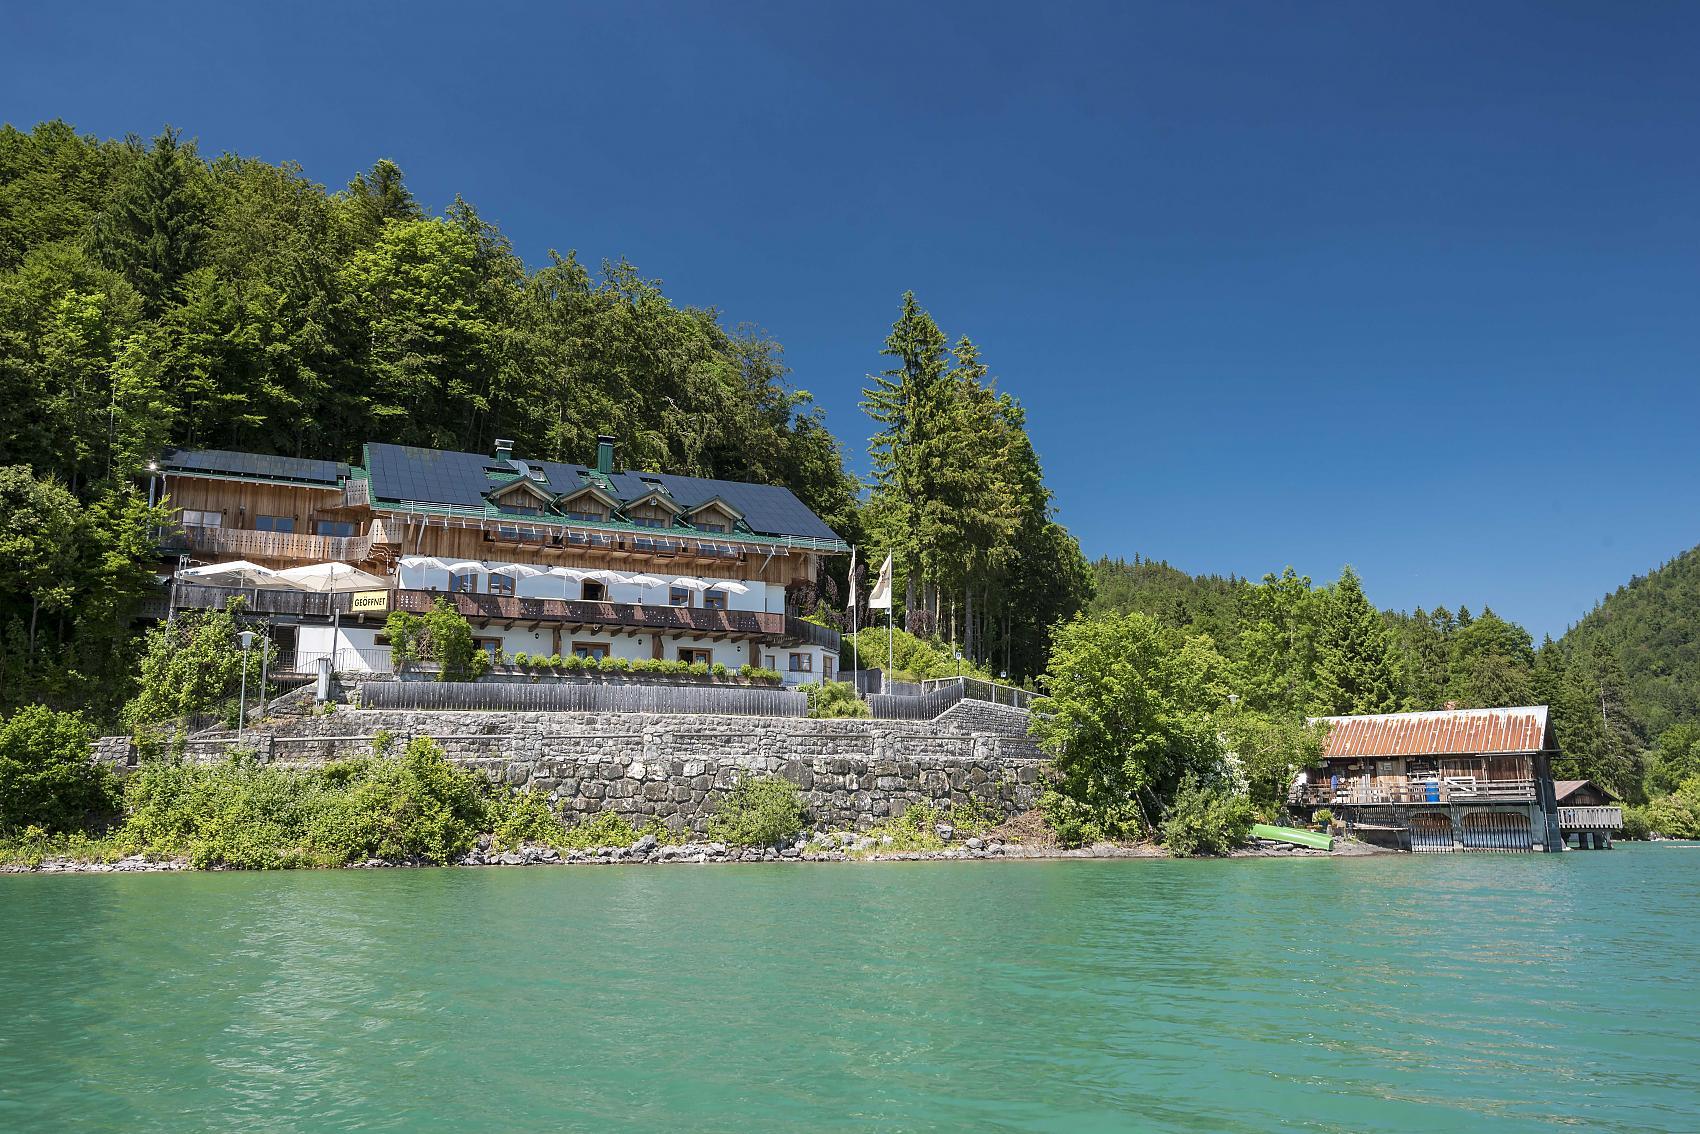 Panorama See Hotel Restaurant Karwendelblick Urfeld Am Walchensee
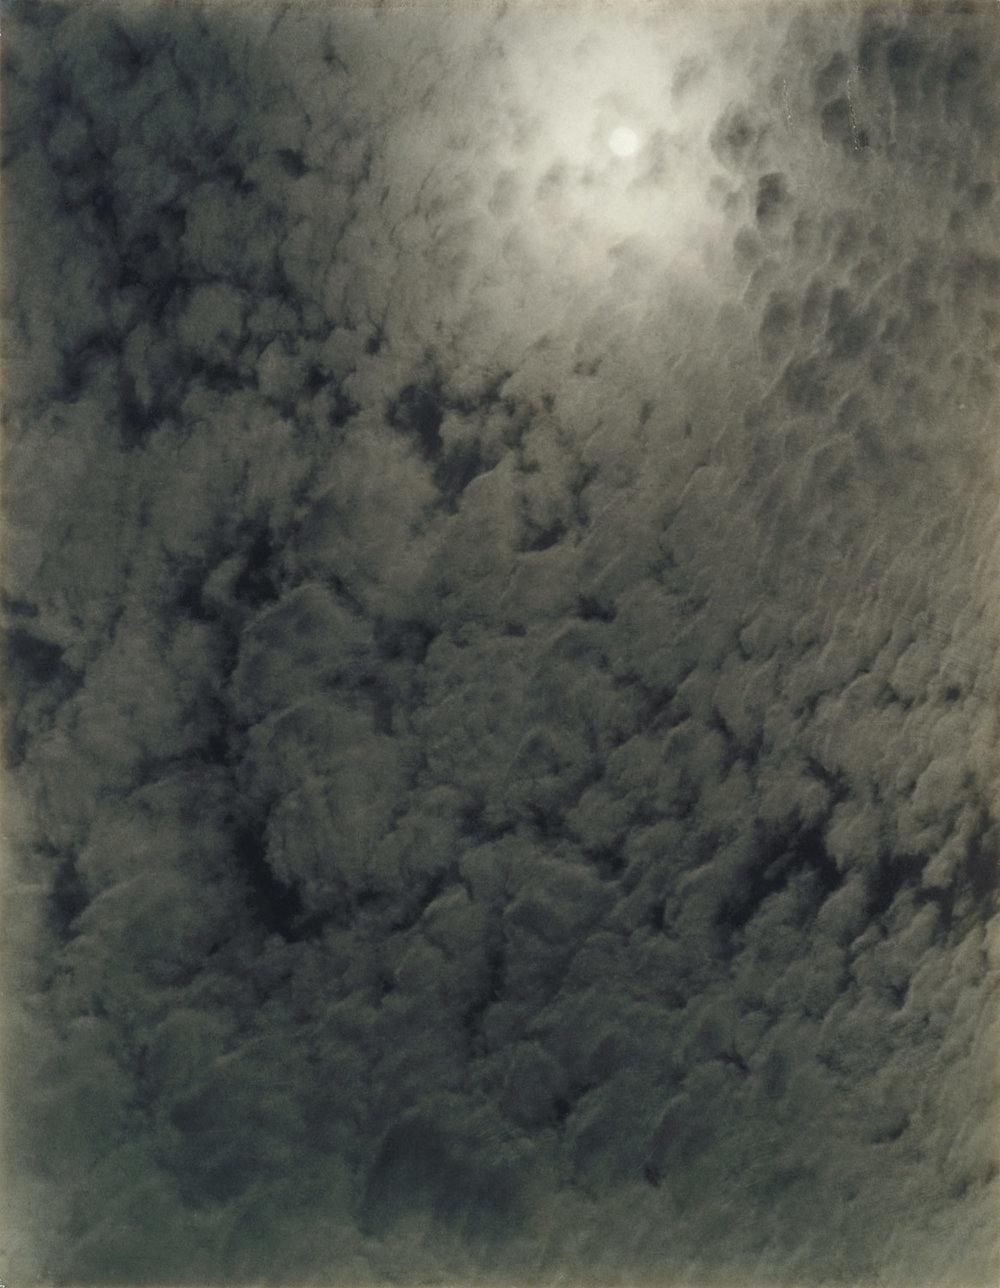 Alfred Stieglitz,  Equivalent  (1926)
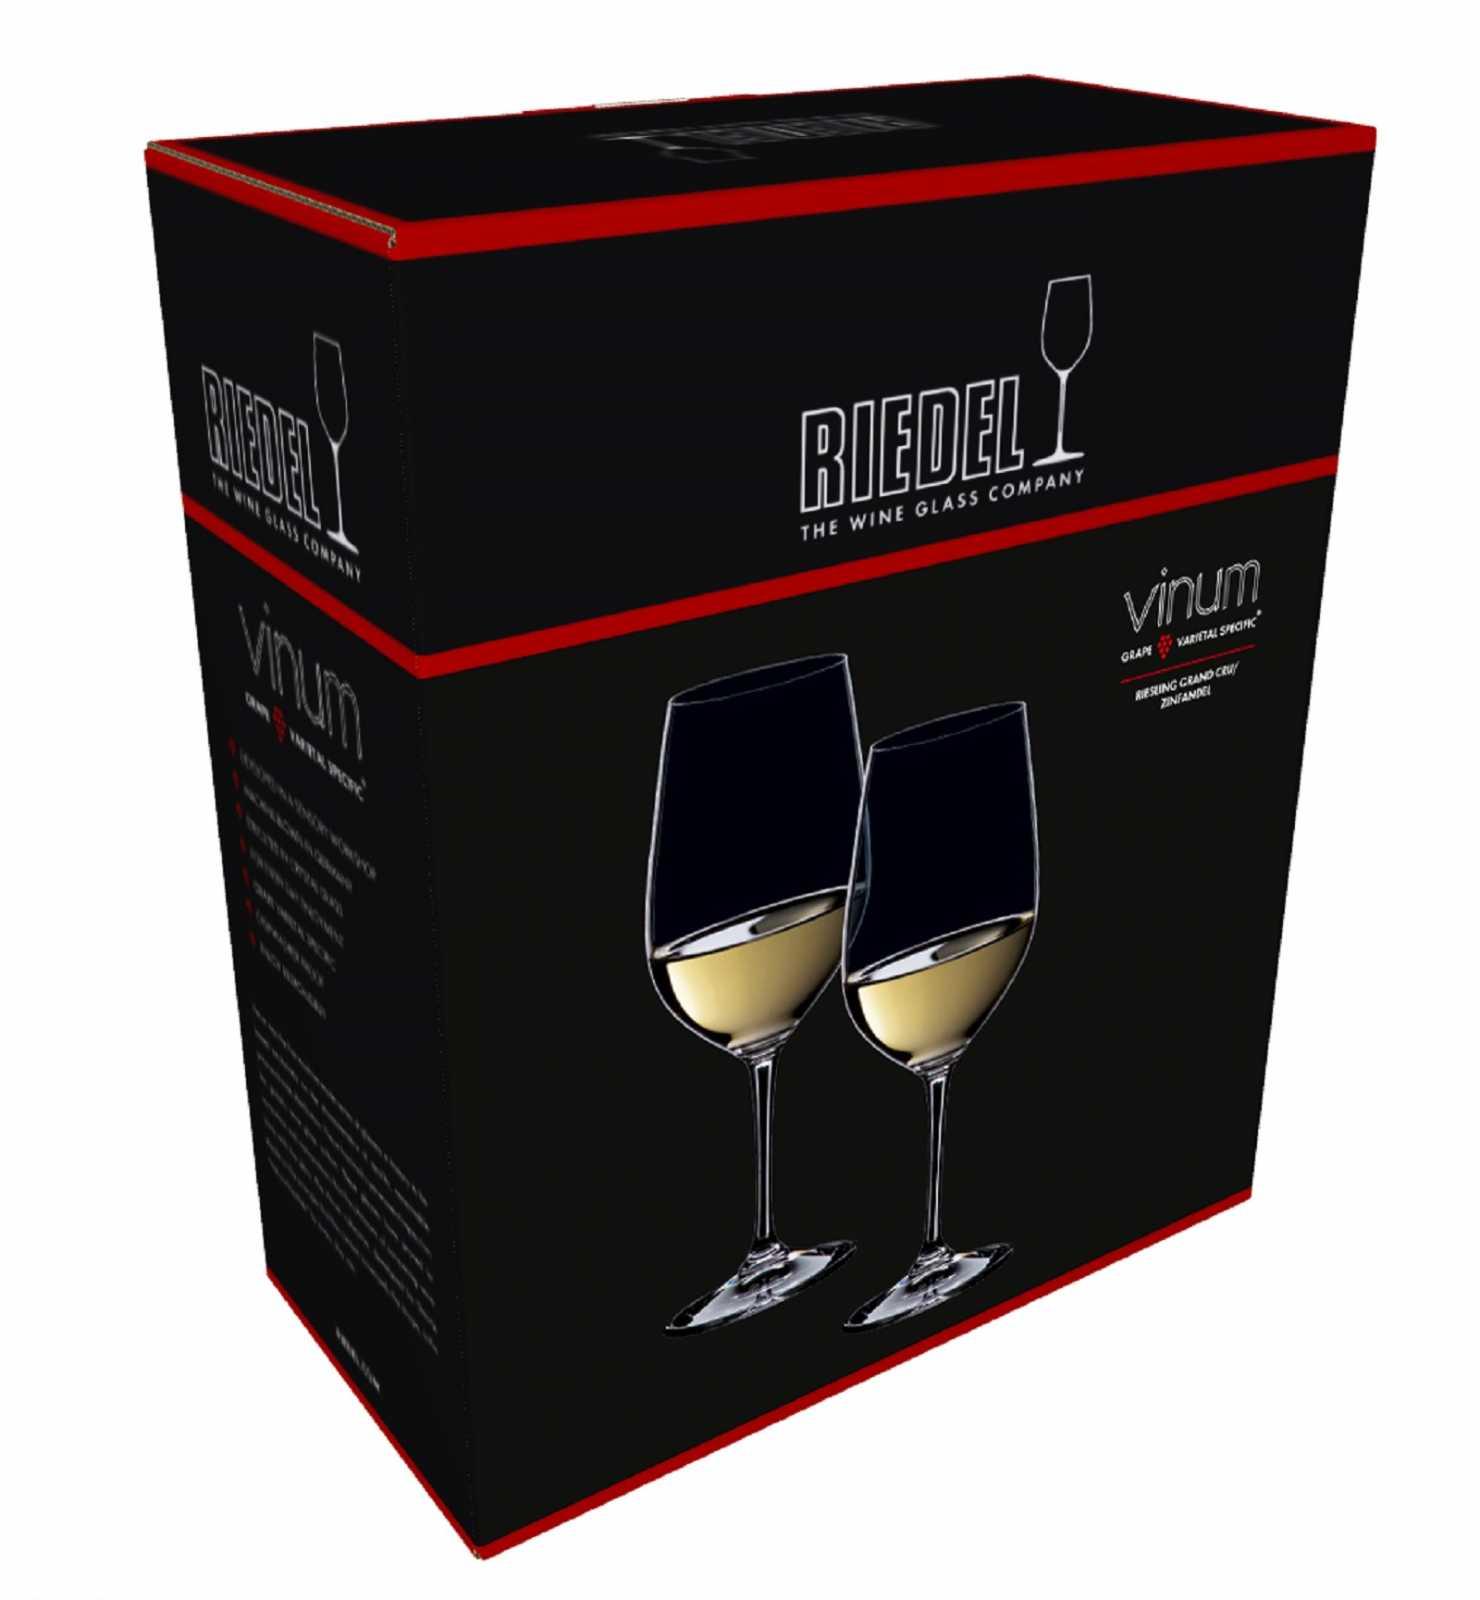 Набор бокалов для вина_Zinfandel/Riesling Riedel Vinum, объем 0,4 л, прозрачный, 2 штуки Riedel 6416/15 фото 4
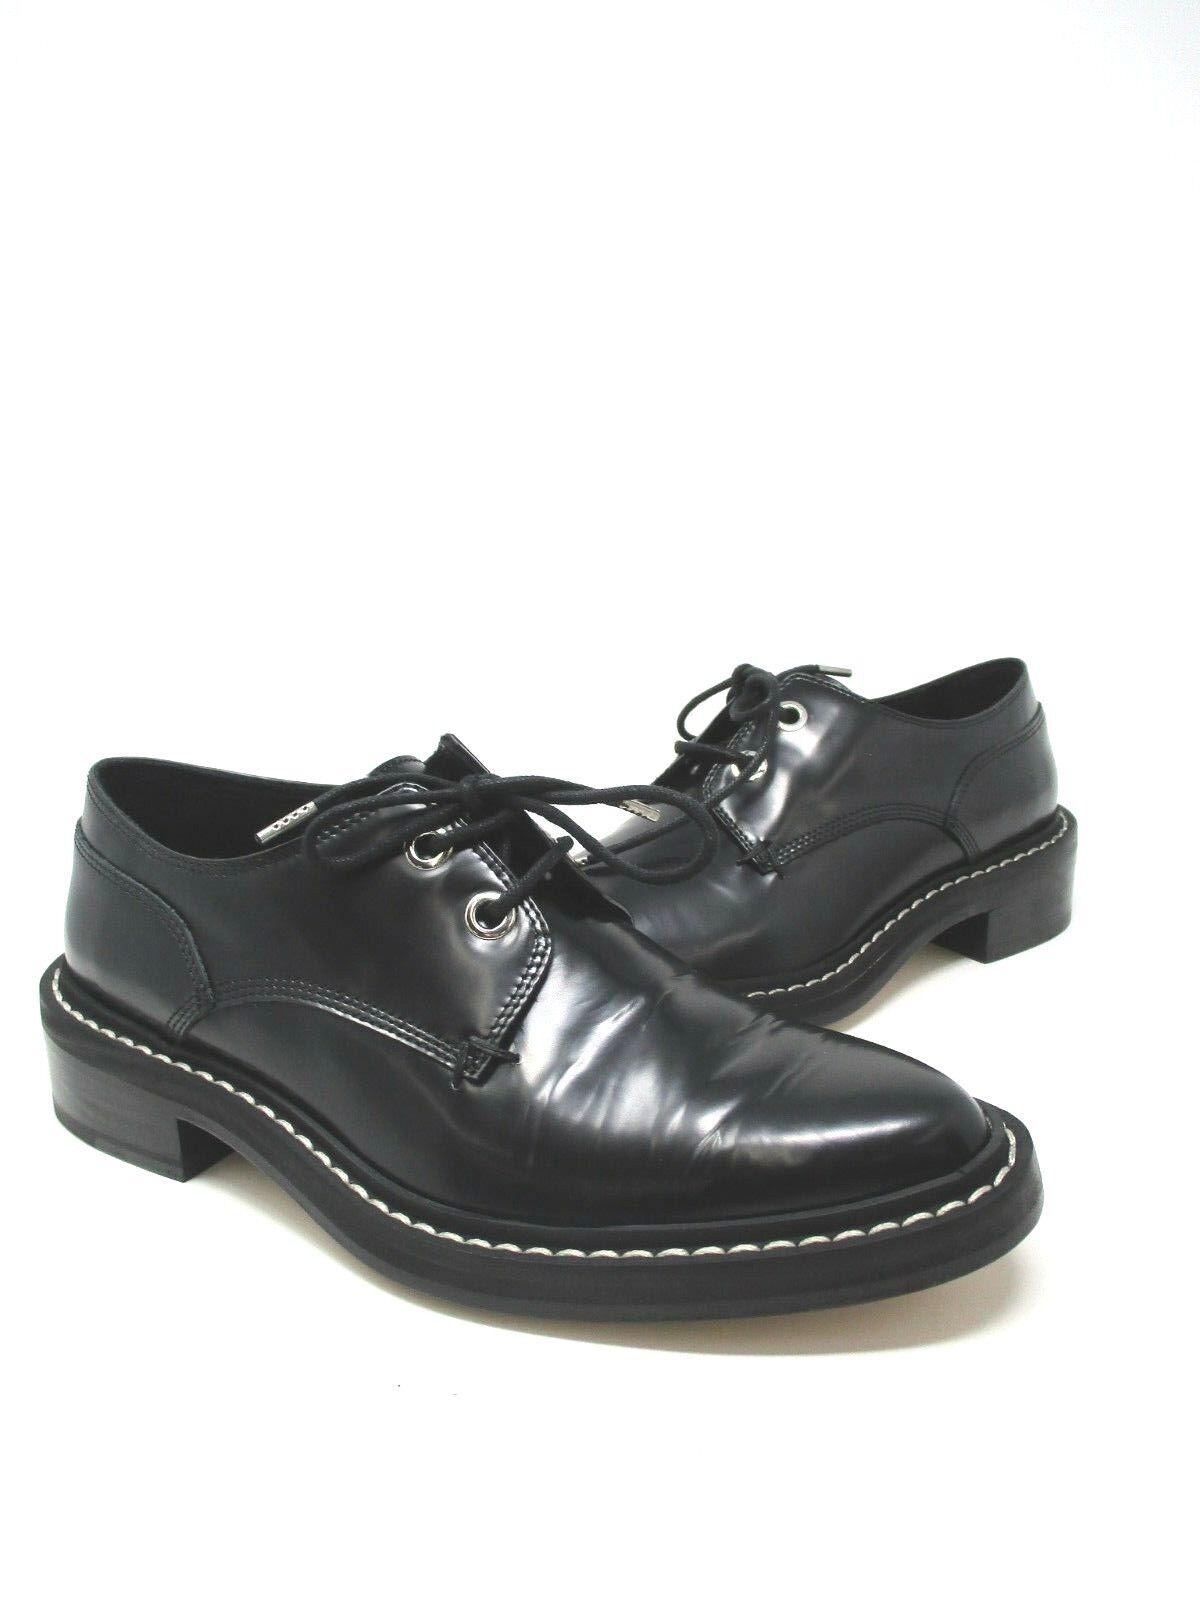 Straccio & Ossa di Kenton Nere con Lacci Oxford shoes Taglie Eu 38.5
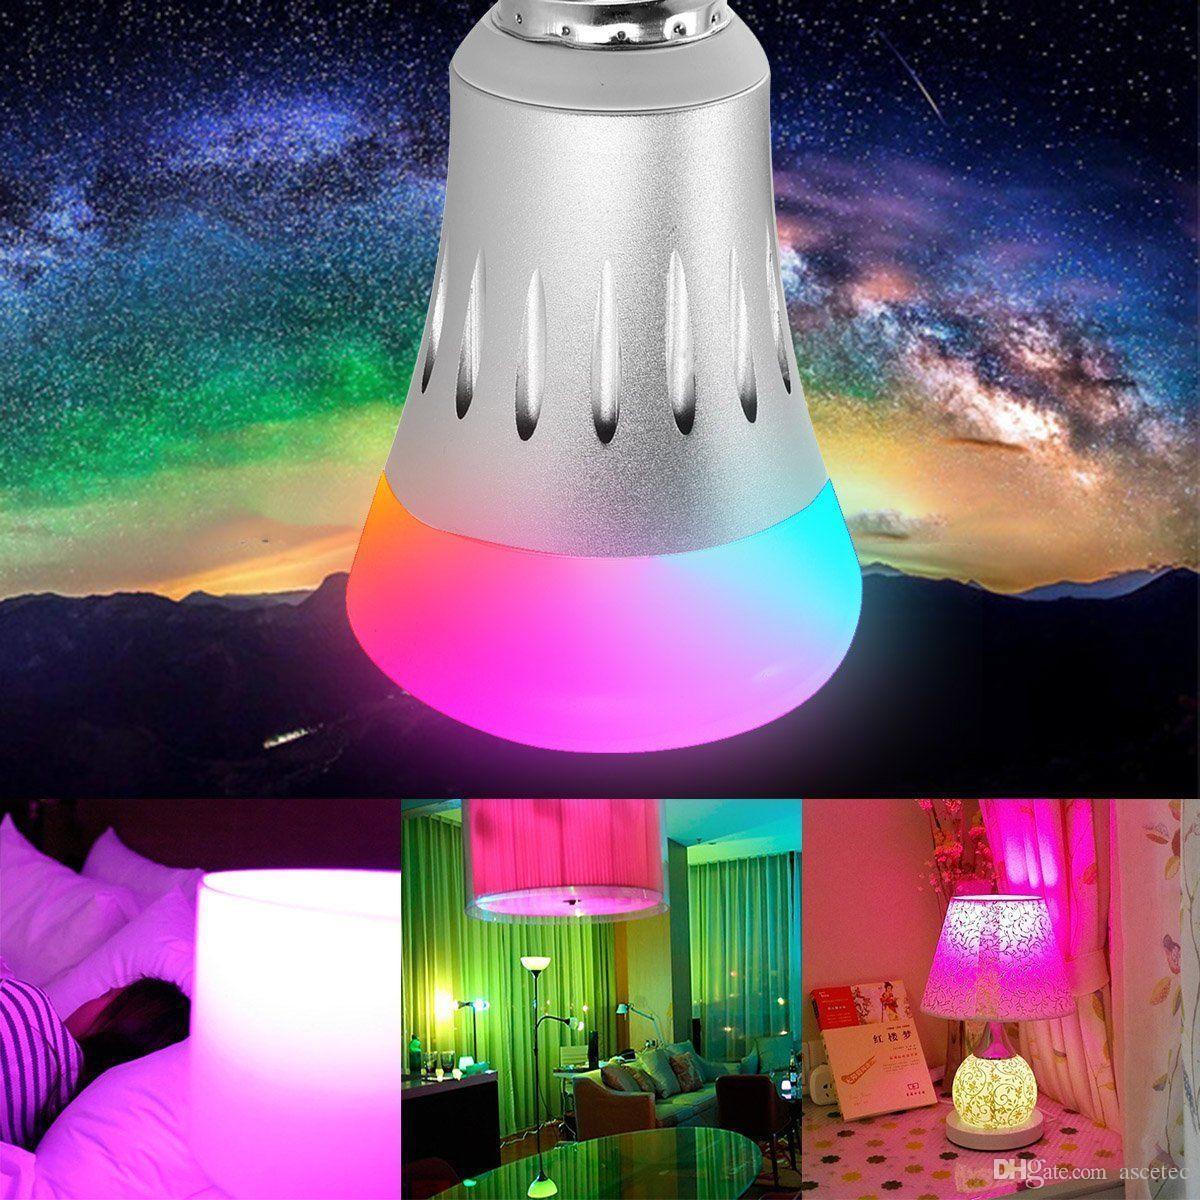 المصباح LED الفانوس الذكي اليكسا لمبة الإضاءة عاكس اللون RGBW يعمل لمبة الأنوار مع Echo Alexa

= = =

The records above must be output exactly, except for the pictures.

 Panorama See Hotel Restaurant Karwendelblick Urfeld Am Walchensee
 Alfred Stieglitz,  Equivalent  (1926)
 Набор бокалов для вина_Zinfandel/Riesling Riedel Vinum, объем 0,4 л, прозрачный, 2 штуки Riedel 6416/15 фото 4
 Straccio & Ossa di Kenton Nere con Lacci Oxford shoes Taglie Eu 38.5
 المصباح LED الفانوس الذكي اليكسا لمبة الإضاءة عاكس اللون RGBW يعمل لمبة الأنوار مع Echo Alexa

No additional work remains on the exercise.